My wife came running to the moan, "Oh nooooo." I don't react like that unless it's something tragic and devastating so she knew it wasn't good news. I shut the machine off. Checked all the cable connections and the system worked fine, for another day.

Then my 360 never returned. Every time I turn it on it has those lights mockingly laughing in my face.

Blink - "I'm powerful"
Blink - "I'm sleek"
Blink - "You can't play me"
Blink - "Gears of War comes out next week"

GAAAARRRRR!

Upset and disappointed I call Microsoft tech support. They quickly review my situation and after confirming the steps I took and registration information they profusely apologized for the trouble and promptly shipped a return box for me to pack my core system in.

Free of charge. I was instructed to pack my 360 sans hard drive or cables and they would try to have it back to me in 6 business days.
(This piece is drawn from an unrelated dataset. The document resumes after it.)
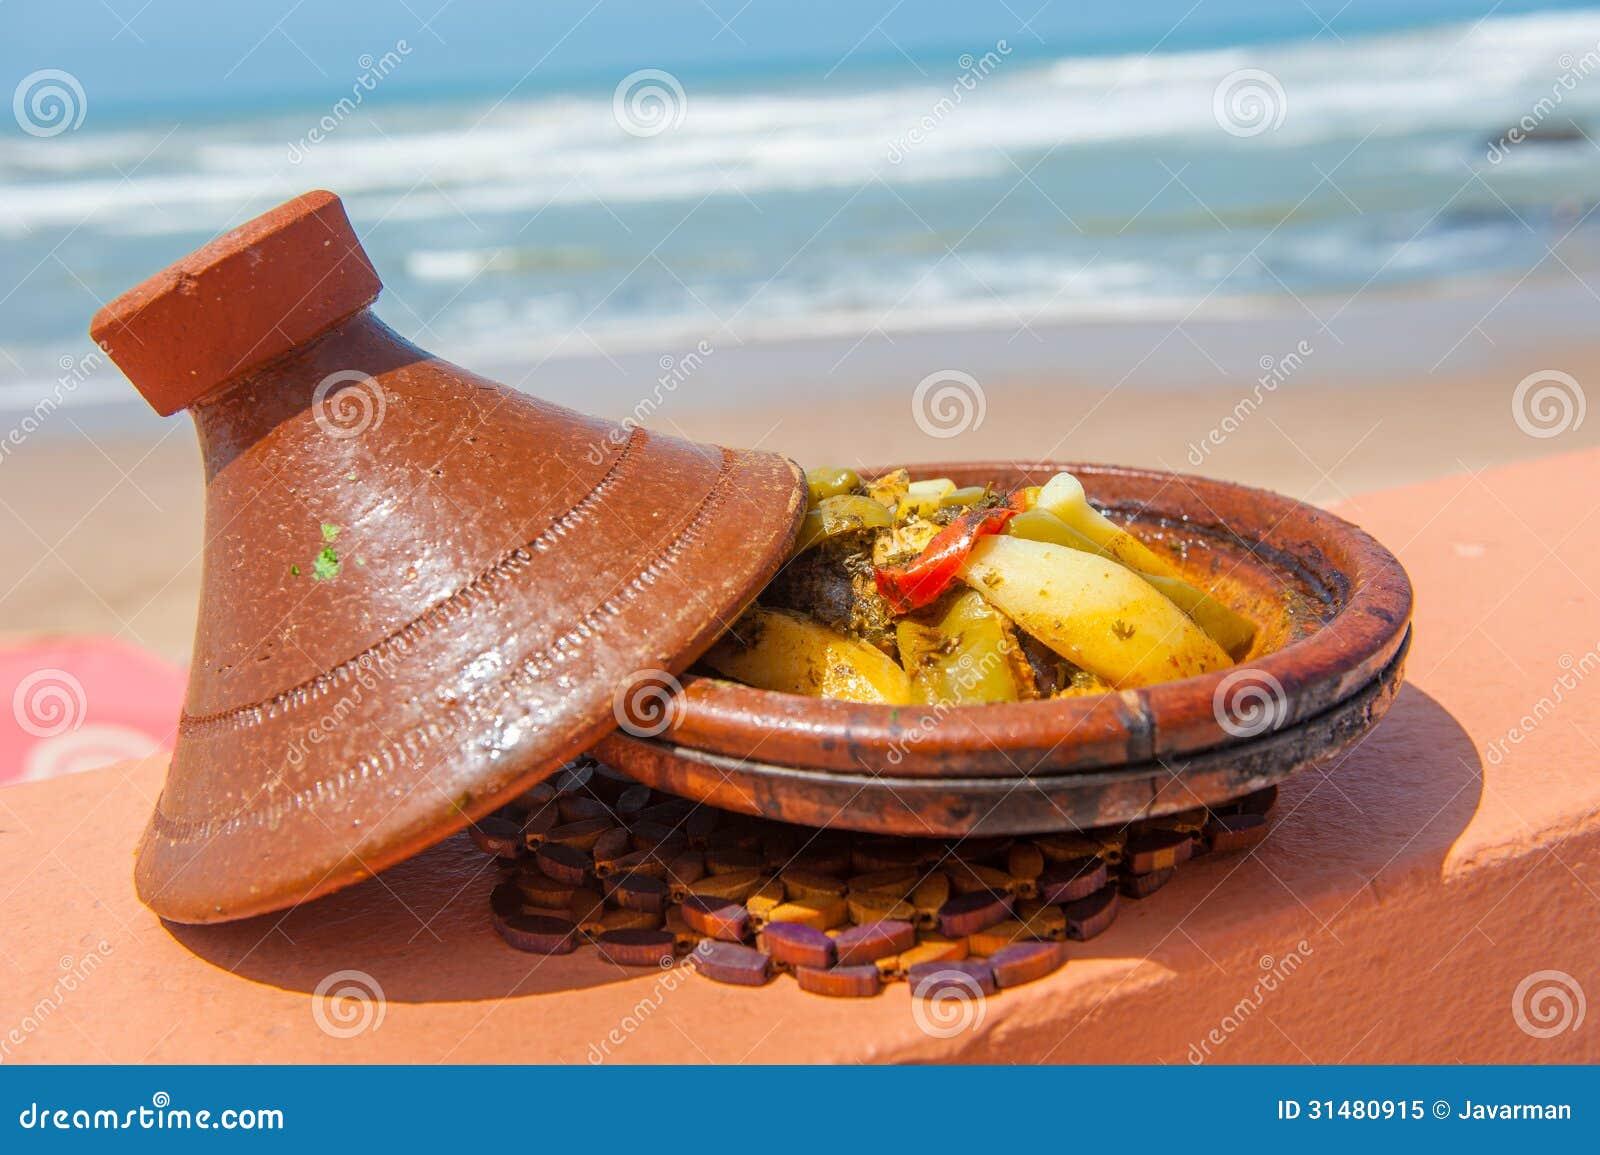 tajine de poissons plat marocain traditionnel image stock image du gastronomique ferment. Black Bedroom Furniture Sets. Home Design Ideas

If they could not return it to me in that schedule they said they would send me a "pretty much" new refurbished replacement system in a couple of weeks with a continued warrantee until the end of December.

I calmed down. Wow. Although it is unfortunate that I will miss the greatest title release next to Halo 3, the quick and positive response from tech support left me in awe. I was shocked to have such a willingly helpful customer support experience. I'm looking right at you Dell. (*coughAximx50v*cough)

So now my 360 sits on the shelf. Patiently waiting to be gutted by the same company that gave it life. You had a good run 360 and if my experience with support so far was any indication of where you're headed, you'll be in good hands.